Roland stand mit Klaus etwas erhöht neben einer Balustrade. Mitternacht war schon längst vorbei und die beiden dürften gar nicht mehr hier sein. Aber ihr Aussehen täuschte über ihr wahres Alter gewaltig hinweg und niemand kam auf den Gedanken, dass die beiden Burschen erst siebzehn Jahre alte waren. Sie hielten jeder ein Glas Bier in der Hand und nippten seit Stunden daran herum. Bier in der Disco war noch eines der billigeren Getränke, aber trotzdem so teuer, dass Roland immer darauf achtete, nur eines zu trinken. Wenn sie sich besaufen wollten, dann war es billiger, im Supermarkt Alkohol zu besorgen und eine Privatparty in ihrem verlassenen Schuppen zu veranstalten anstatt dies in der überteuerten Disco zu tun.

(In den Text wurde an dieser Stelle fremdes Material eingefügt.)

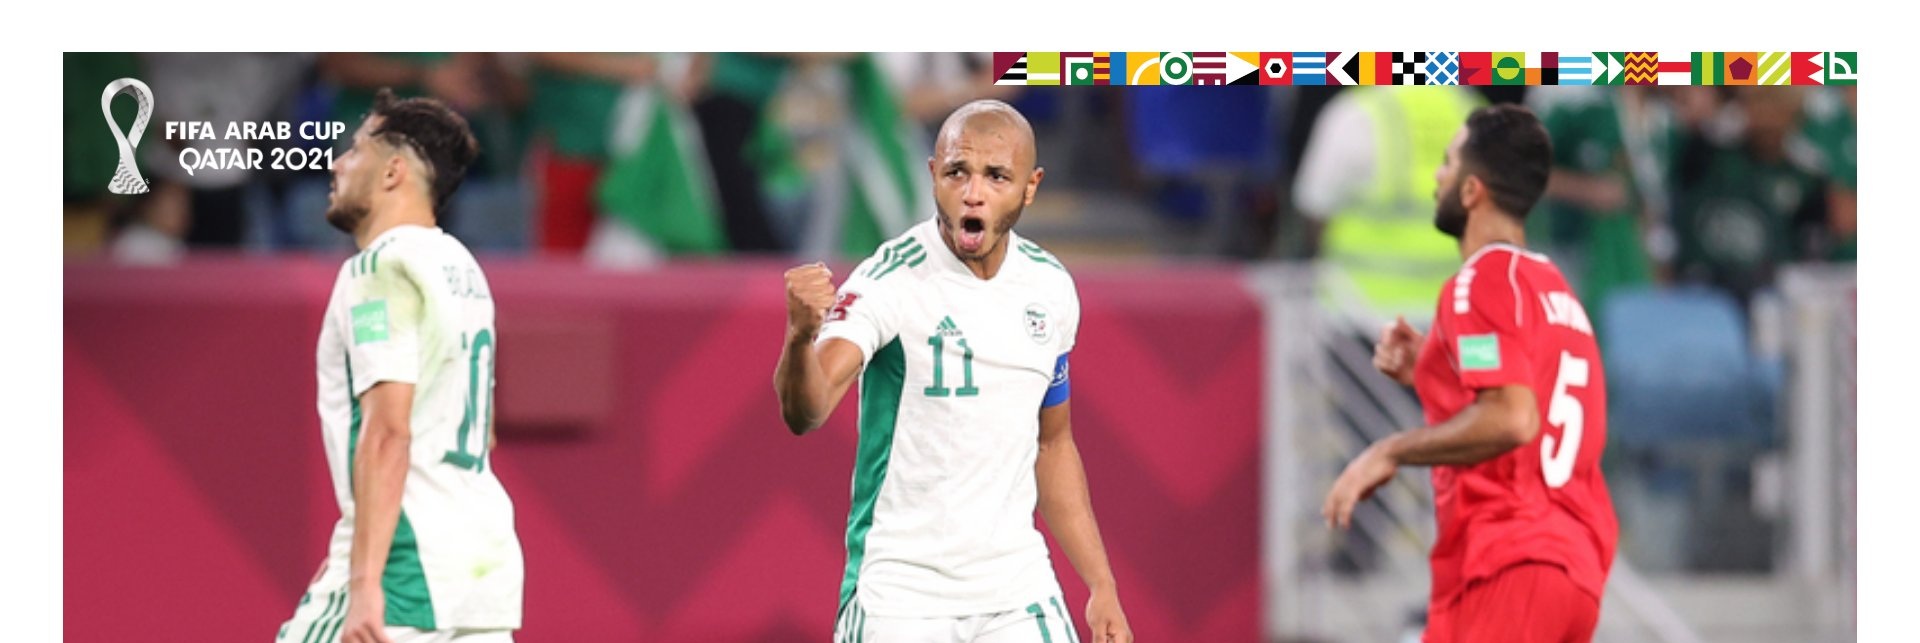 الجزائر تتخطى لبنان في كأس العرب

Zwei hübsche tanzende Mädchen erregten ihre Aufmerksamkeit. Ein dunkler Teint, lange schwarze Haare und kohlrabenschwarze Augen gaben ihrem Aussehen diesen südländischen, fast schon orientalische wirkenden Touch, der so exotische Wirkungen hatte. Immer wieder trafen sich die Blicke der Mädchen und der beiden Jungs und es begann sich ein knisterndes Spiel der Augen zu entwickeln. Irgendwann begann Klaus, im Rhythmus der Musik mitzutanzen. Zuerst auf der Stelle, dann sanft auf der Tanzfläche sich bewegend. In sich versunken näherte er sich immer weiter den beiden Schönheiten, die ihn aus den Augenwinkeln kichernd beobachteten. Dann befand er sich hinter ihnen und als sie sich umdrehten, verzog er das Gesicht zu einem Lächeln und ein lässiges ´Hallo` war zu vernehmen. Nicht akustisch, nur an der Form seines Mundes war es abzulesen. Die Mädchen lächelten aufreizend und ließen ihre perlweißen Zähne blinken. Roland hatte es Klaus inzwischen nachgemacht und nun tanzten sie wie zwei Pärchen im Takt der Musik. Die beiden Mädchen sahen sich an und kicherten immer noch.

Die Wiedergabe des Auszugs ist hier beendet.